Harold Shipman is generally considered to be Britain’s worst serial killer, with more than 250 murders ascribed to his name. But hidden among the tales of habitual drunks, petty thieves and small-time fraudsters published online last week sits the file of a little-known Bristol-born woman who may well have killed more.While largely forgotten today, Amelia Dyer’s crimes paved the way for one of the most sensational trials of the Victorian era – and spotlighted the pandemic problem of infanticide in 19th century Britain. Her Prison Commission file, now visible online, logs Dyer’s final moments on the scaffold at Newgate Gaol on June 10, 1896, and records her hanging with characteristic Victorian efficiency: “On account of her weight and the softness of the textures, rather a short drop was given. It proved to be quite sufficient.”
Three weeks earlier, Dyer had been convicted at the Old Bailey of the murder of two babies. They had been strangled with white tape, wrapped in parcel paper and dumped in a carpet bag in the River Thames at Reading. She became a household name, ballad-mongers even wrote songs about her; her case raised the profile of the fledgling NSPCC and even firmed up our adoption and child protection laws. Yet within a few decades, her criminal career was all but forgotten.
Reading police had been alerted to Dyer back in April by the discovery of another tiny infant in the reeds of the Thames. An address on the parcel paper led the police to a stout midwife described variously as “motherly” and “homely”. What they discovered inside Dyer’s two-up-two-down, rented terraced house on Kensington Road was damning.
Her home was crammed with evidence of a hefty trade in infant life – dozens of vaccination papers, vast quantities of tiny clothes and countless pawn tickets for baby clothes. Letters and receipts for newspaper advertisements arranging adoptions were also recovered, indicating that Dyer was operating under several aliases, including Harding and Smith. The most gruesome evidence was the heavy stench of rotting flesh coming from the kitchen pantry and from a trunk under her bed. The police were in little doubt that they had uncovered a baby farm. They ordered an immediate dragging operation, watched by crowds of onlookers lining the river banks, drawn by lurid press coverage. When the body count rose to 50, Amelia told police: “You’ll know all mine by the tape around their necks”.
As the police investigation grew, so did the efforts of investigative journalists. It became clear that Dyer had profited from her trade for almost 30 years, travelling as far afield as Liverpool and Plymouth.
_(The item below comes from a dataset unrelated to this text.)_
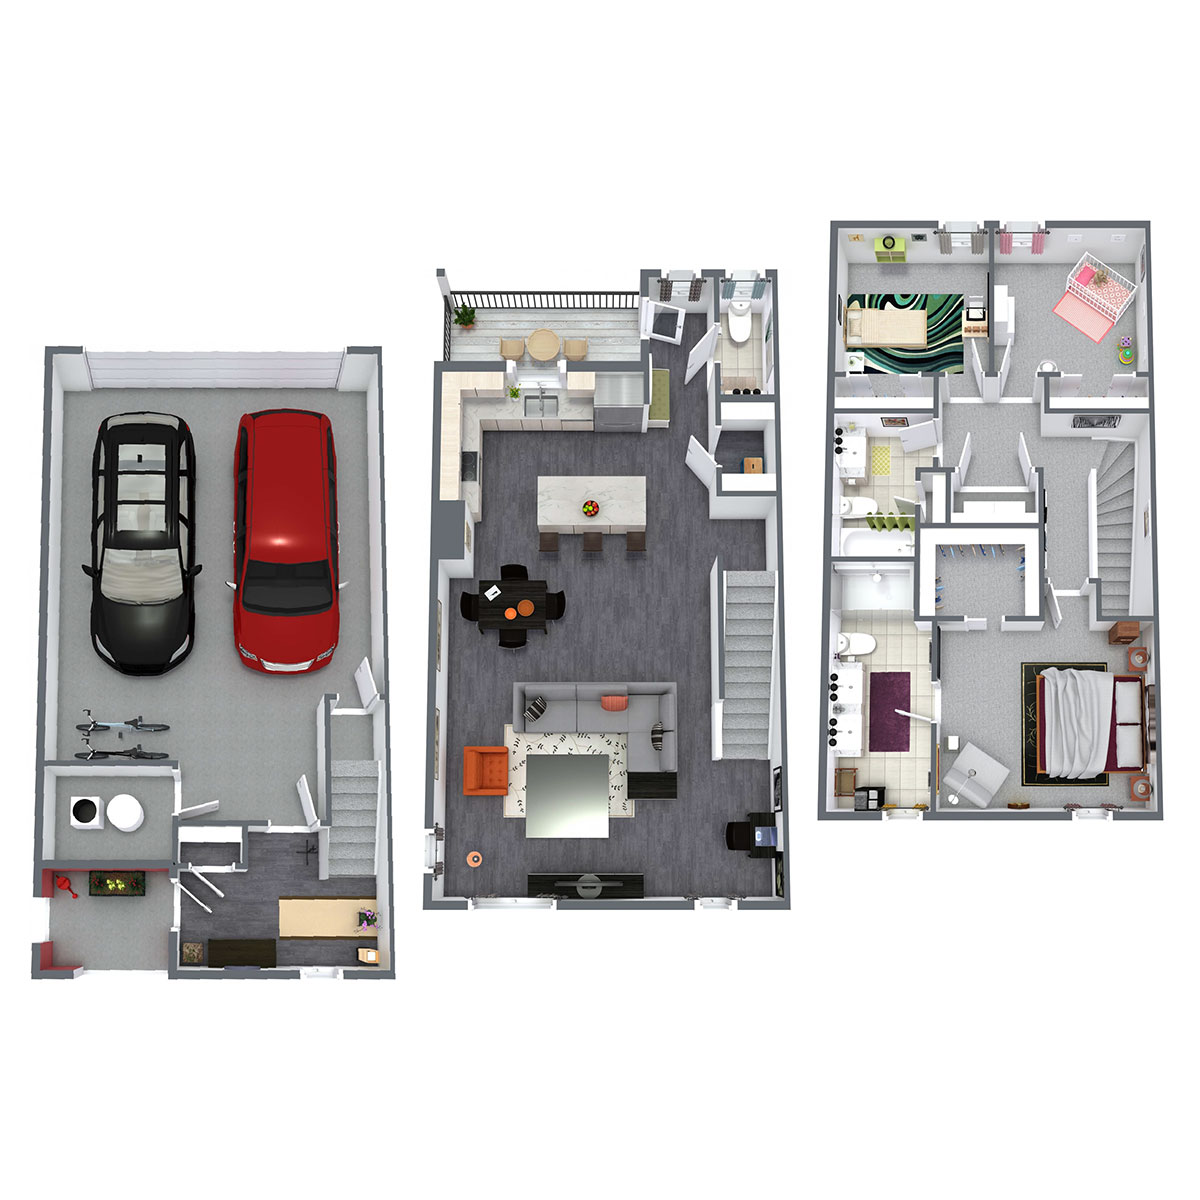 Juniper Rows at Olde Towne - Floorplan - Juniper - 3 Bedroom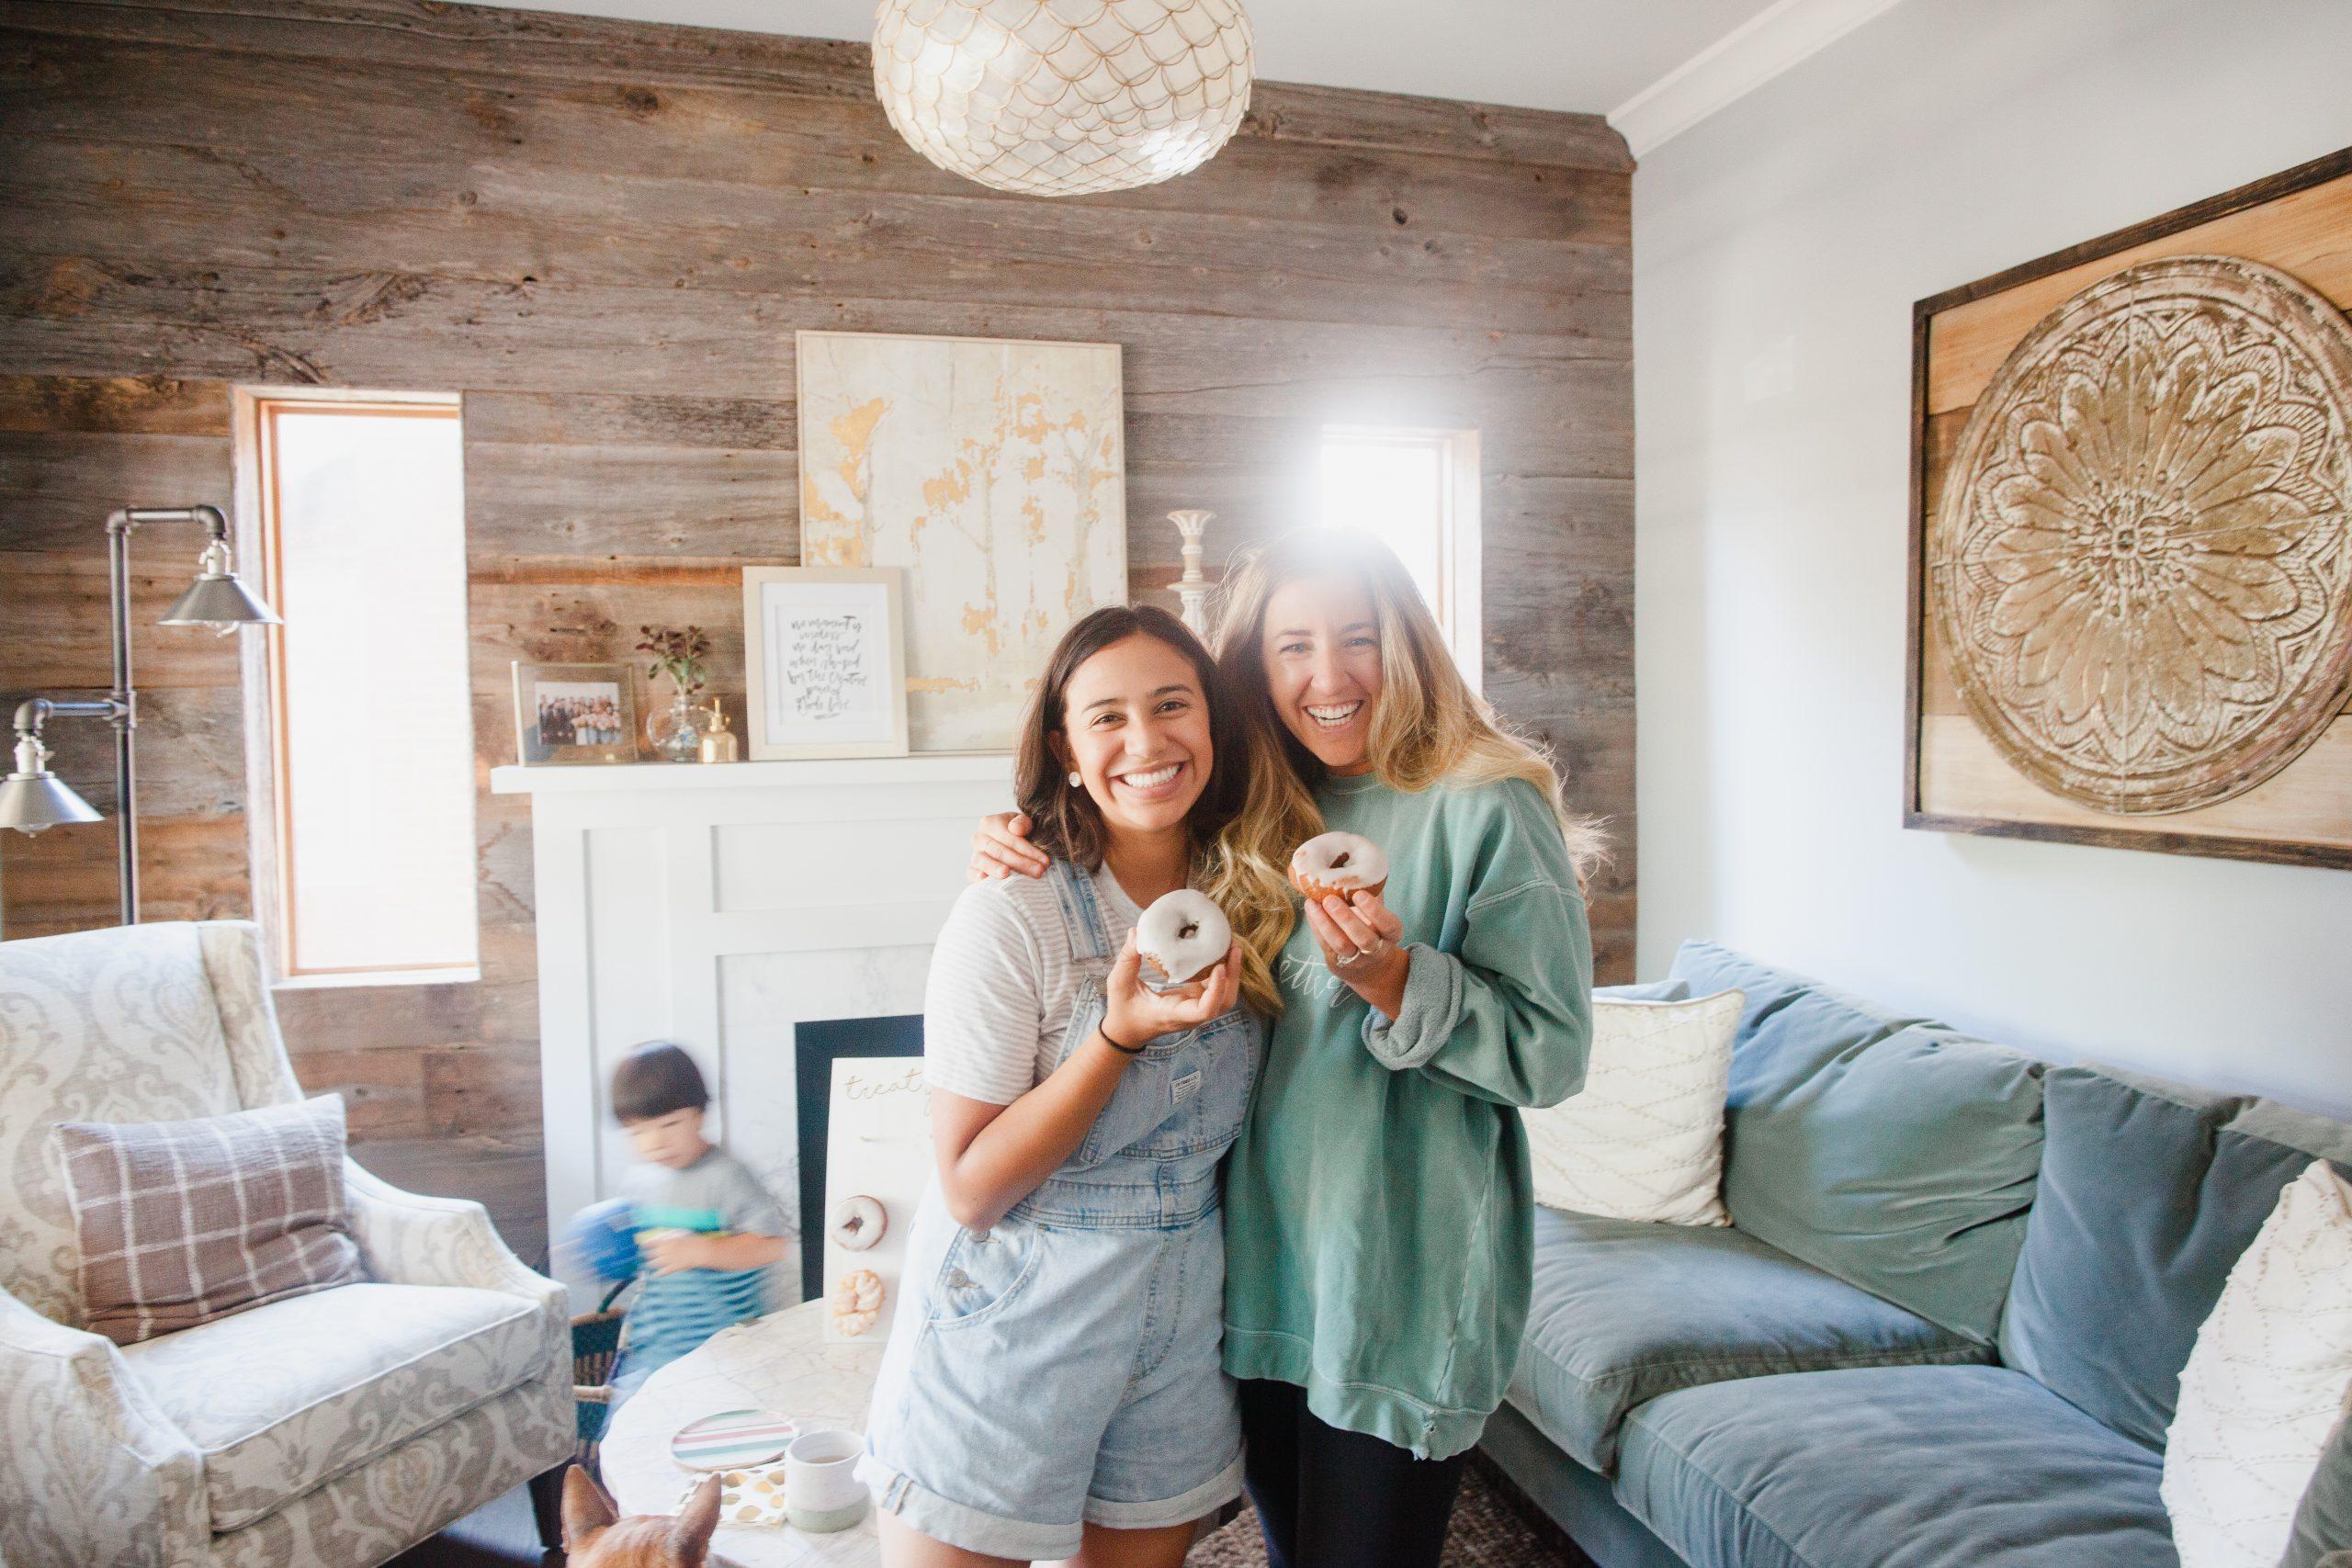 donut, girls holding, friends, jesus, community

Dyer first opened a house of confinement in the Bristol suburb of Totterdown in the late 1860s, and charged a fee to take in unmarried women when they could no longer hide their pregnancies. Some asked for their infants to be stifled at the moment of birth, since Victorian coroners were unable to distinguish between suffocation and still-birth.
Dyer also fostered infants for a weekly fee, maximizing her profits by slowly starving her little charges, muting them with daily doses of the liquid opiate, laudanum, known colloquially as “the quietness” because it stifled both a baby’s appetite and its cries.
Ten years later, having completed a six-month prison sentence for infant neglect, Dyer changed her modus operandi. No longer would her house be filled with emaciating infants. Now she accepted only full adoption in exchange for a lucrative one-off payment. She silenced the infants within hours, using a length of white tape tied twice around their necks and dumped their bodies in rivers or buried them in the gardens of her rented lodgings.
The world which enabled this wholesale trade in infant life may seem entirely alien today, but its scars are remarkably recent. Our Dickensian vision of Victorian urban filth is missing one grim detail: the bodies of dead infants littered the streets of British cities and reports of their discovery were too commonplace to be considered newsworthy.
Endemic infanticide was a direct consequence of mid-century legislation designed to deter illegitimacy; far from fixing the problem, the removal of all financial obligation from fathers merely condemned unmarried mothers to an impossible situation. Forced out of employment and barred from the workhouse, a single mother could either prostitute herself, starve, or else “make an angel” of her baby. Baby farmers offered a last hope for a desperate minority, but in reality few women were truly blind to the reality of their offspring’s fate once they had been farmed out.
The true scale of Dyer’s crime is almost certainly beyond calculation. At her most frenzied, eyewitnesses reported seeing as many as six babies a day coming into her home. Reading police found evidence of at least 20 children who had been entrusted to her care in the two months before her arrest. Even a conservative estimate of 10 infant deaths a year creates a staggering 300 murders over a 30-year period.
Dyer was by no means the only British baby farmer but she was certainly the most prolific, serving a grim need that society was loath to acknowledge and has been quick to forget.